Assigned task ▸ Output nothing but the lines from the line with "Happy weekend everyone 😀" through the end of the listing below, both ends included.

Collected material ▸
-- Opening Marker --

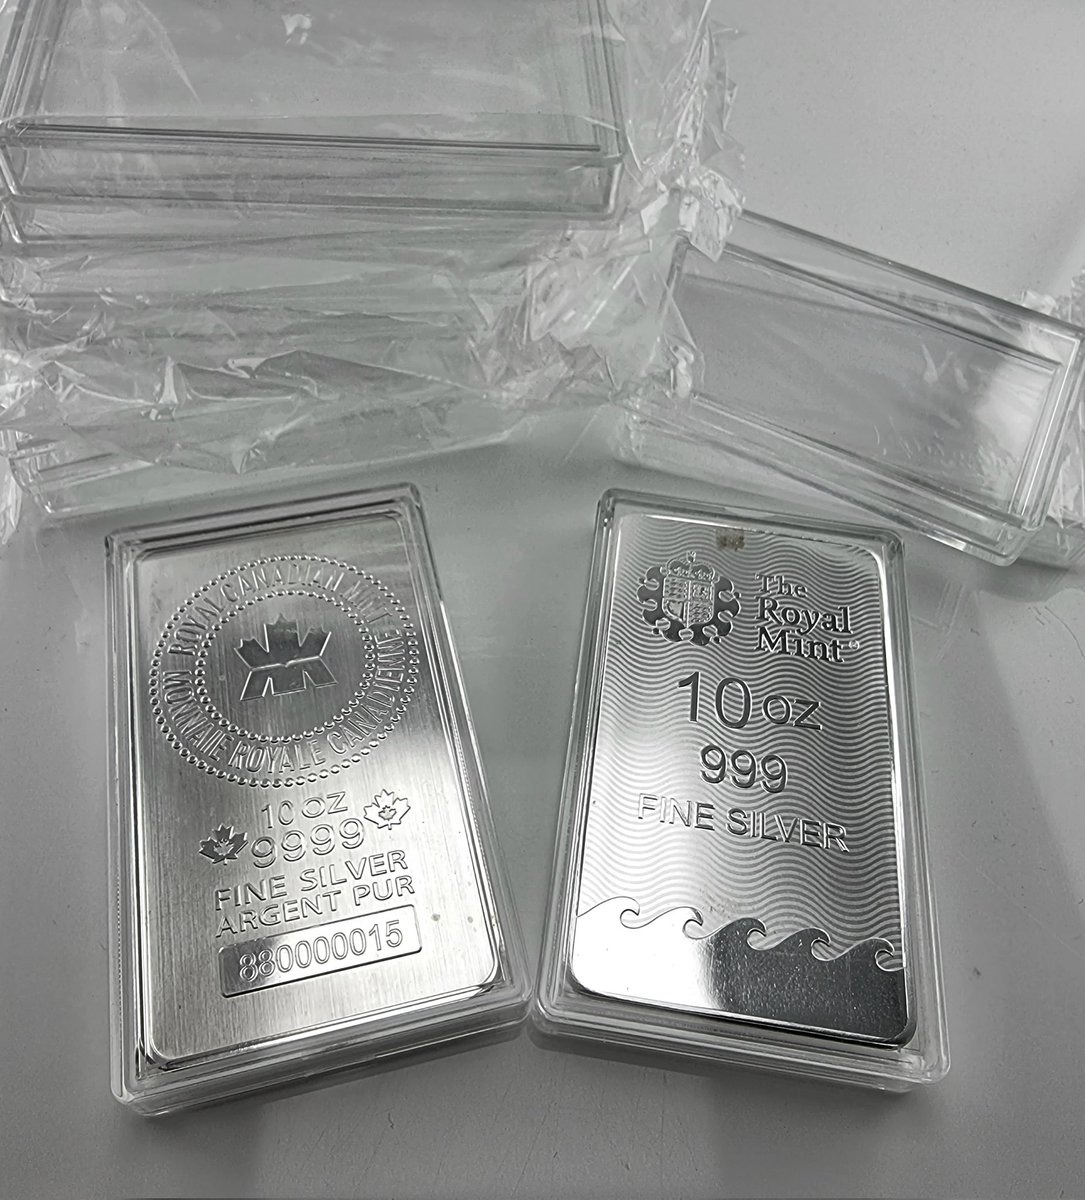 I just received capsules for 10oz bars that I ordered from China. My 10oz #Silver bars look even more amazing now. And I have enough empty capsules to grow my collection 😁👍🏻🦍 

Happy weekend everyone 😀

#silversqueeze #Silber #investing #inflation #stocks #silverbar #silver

-- Closing Marker --

Answer ▸
Happy weekend everyone 😀

#silversqueeze #Silber #investing #inflation #stocks #silverbar #silver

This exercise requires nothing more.